The screening of microbial growth phenotype is a rate-limiting step in the fields of industrial breeding, enzyme directed evolution and synthetic biology. Accurate measurement of single cell growth phenotype is the key to break through the above bottlenecks. Recently, the single-cell center of Qingdao Institute of Biological Energy and process of the Chinese Academy of Sciences has developed a low-cost, unmarked micro-droplet microfluidic platform. The platform can complete the screening of microbial growth phenotype at single-cell level through the steps of single-cell microdroplet culture, droplet autofluorescence detection and target microdroplet automatic sorting, and demonstrate the accuracy and reliability of this method in Escherichia coli. It provides a powerful means for rapid screening of industrial strains. The relevant research results are published in <Sensors and Actuators B: chemistry> (Sensors and Actuators B: Chemical).

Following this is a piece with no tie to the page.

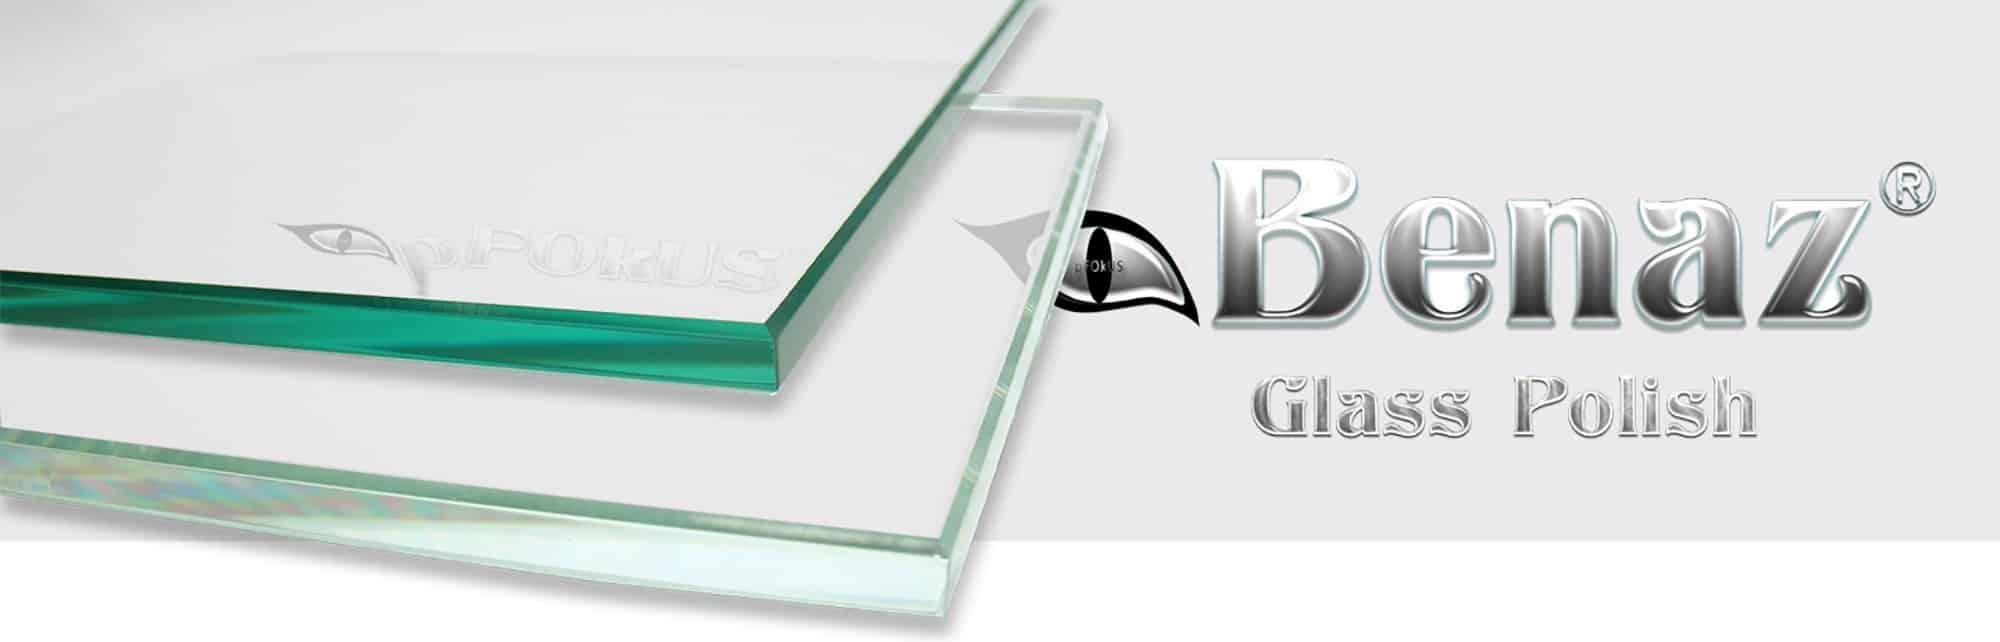 Best Cleaner For Glass Shower Doors Water Spot Remover Pfokus

The breeding of high quality strains should meet the characteristics of “fast growth” and “high yield”. The traditional macroscopic system obtains the phenotypic characteristics of growth and metabolism by measuring biomass and product concentration, but the flux is low and it is difficult to truly reflect the state of the strain. Single-cell microbial phenotypic screening can accurately evaluate the growth status and metabolic characteristics of microorganisms, and then realize the breeding of dominant strains. At present, high-throughput phenotypic screening at single-cell level is limited to metabolic phenotype, such as obtaining “high-yield” strains by fluorescence activated droplet sorting (FADS). There is still a lack of high-throughput phenotypic screening programs at single-cell level, so it is difficult to achieve high-throughput breeding of “fast-growing” strains.

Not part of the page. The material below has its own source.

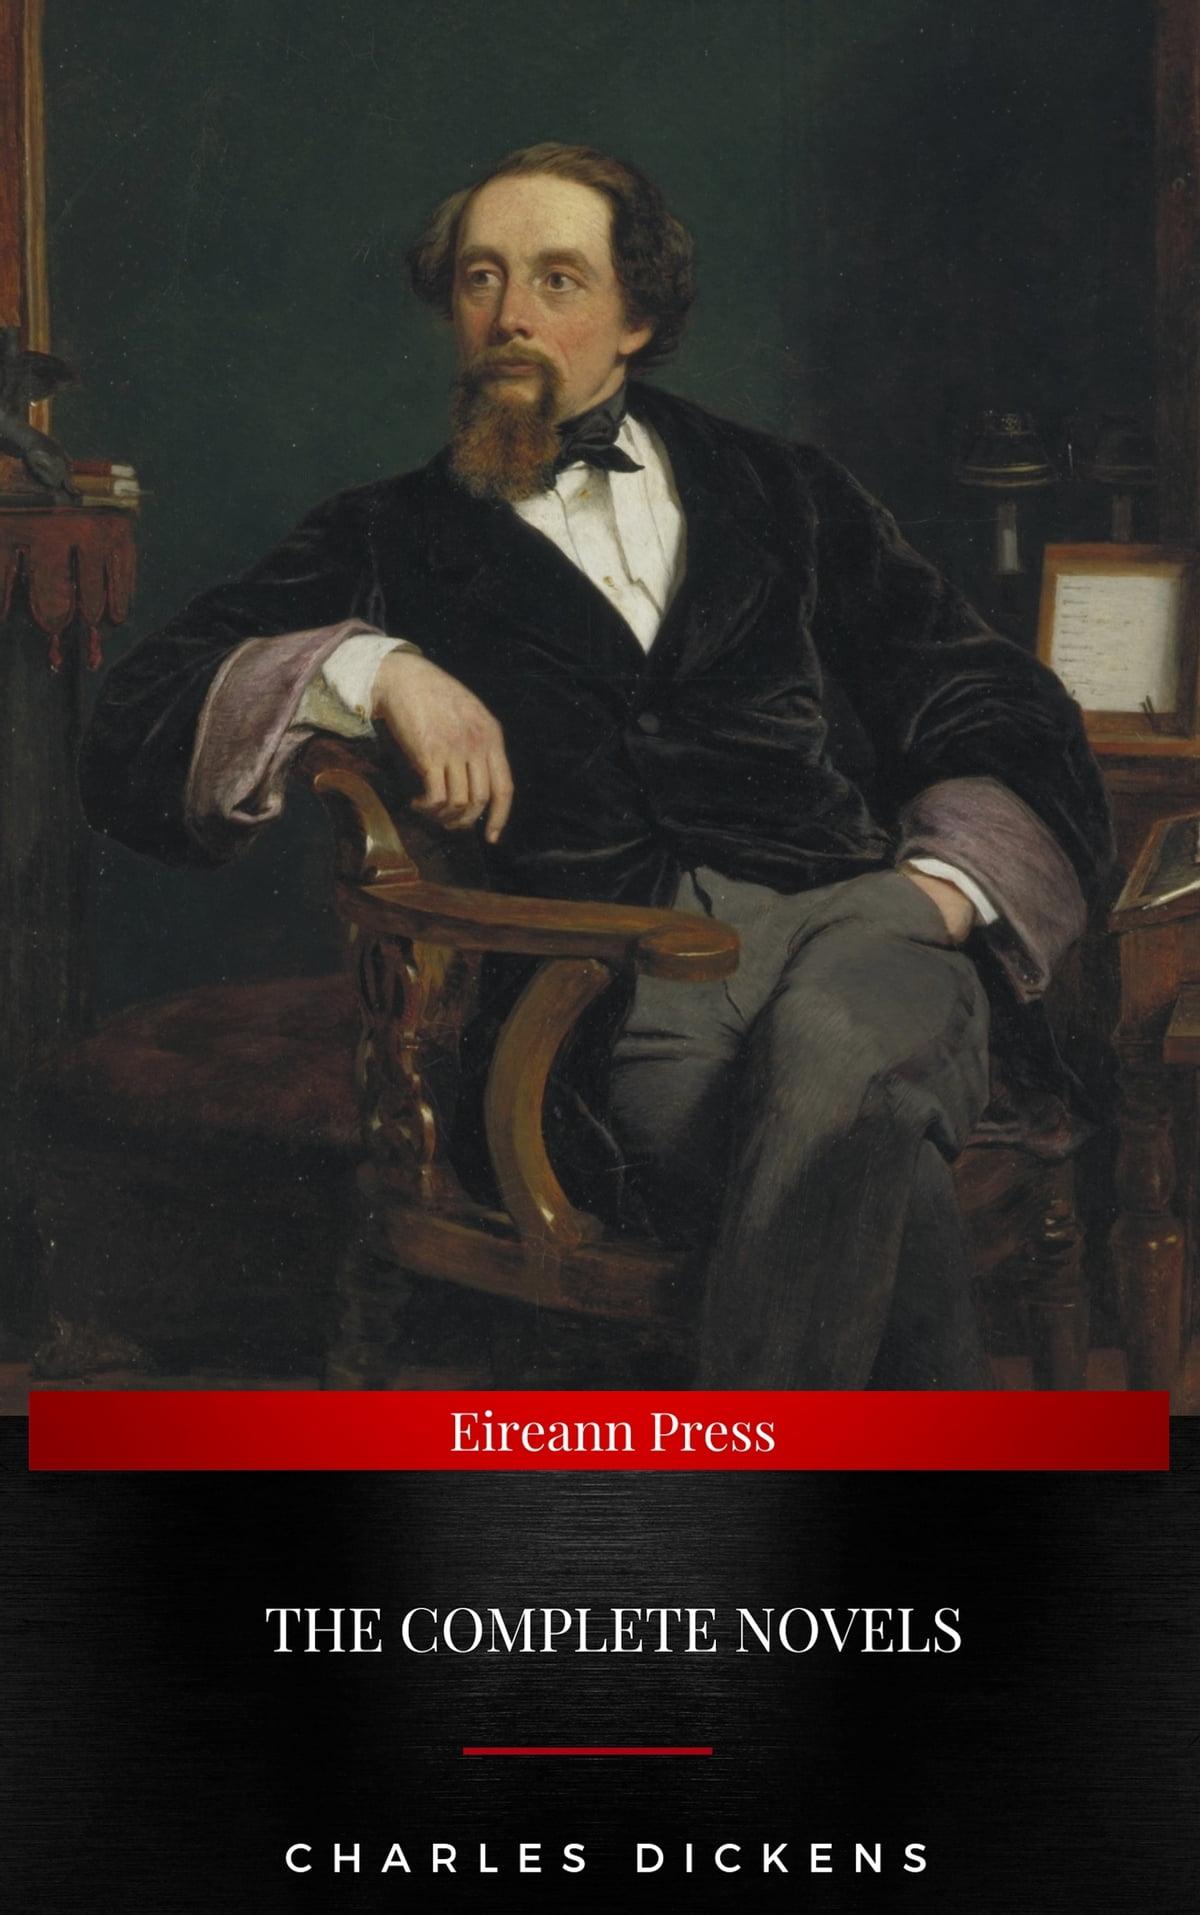 Charles Dickens The Complete Novels Golden Deer Classics

In this study, a low-cost and unlabeled droplet microfluidic screening platform was developed based on the autofluorescence of microorganisms in droplets. The platform can complete the high-throughput screening of microbial growth phenotype. The specific process is as follows: the microbial single cell is wrapped in microdroplets and cultured separately by droplet microfluidic technology; the cultured droplets are injected into the microfluidic chip, and the self-fluorescence of microdroplets irradiated by 365 nm laser is collected in the detection area; the optical signal is transmitted to PMT through optical fiber, and the automatic sorting of target droplets is realized by programming software and high frequency voltage control.
The research system evaluates the core performance of the above platform. In the aspect of verification of separation flux, the highest signal acquisition frequency of droplet autofluorescence is 1000 Hz, and the highest frequency of droplet separation is 200 Hz. In terms of separation reliability, if the separation threshold is set to distinguish whether the droplets contain microorganisms or not, the percentage of microbial droplets in the separation channel is 95.3%, and the percentage of empty droplets in the waste channel is 91.7%. If the sorting threshold is set to distinguish whether it is a fast-growing microorganism, only 1.58% of the droplets in the sample before separation wrap the fast-growing microorganisms, 11.46% of the droplets wrap the slow-growing microorganisms, and the rest are empty droplets. after separation, the percentage of droplets wrapped in fast-growing microbial cells in the separation channel increased to 90.78%. The percentages of droplets and empty droplets wrapped in slow-growing microorganisms were 8.25% and 0.97%, respectively.
In the previous research, a series of Raman flow single cell sorting technique FlowRACS was developed. This technique can identify and select strains with high content of single cell metabolites (“high yield”) with high throughput and high efficiency under unlabeled conditions, and by coupling the rapid screening technique of single cell horizontal growth phenotype developed in this work, the “fast-growing” strains can be further screened, so as to achieve the goal of industrial microbial breeding. Relying on the above series of innovative technologies, researchers will further develop the key technologies and equipment of the single-cell level strain selection platform to support the development of industrial biotechnology and synthetic biological industry.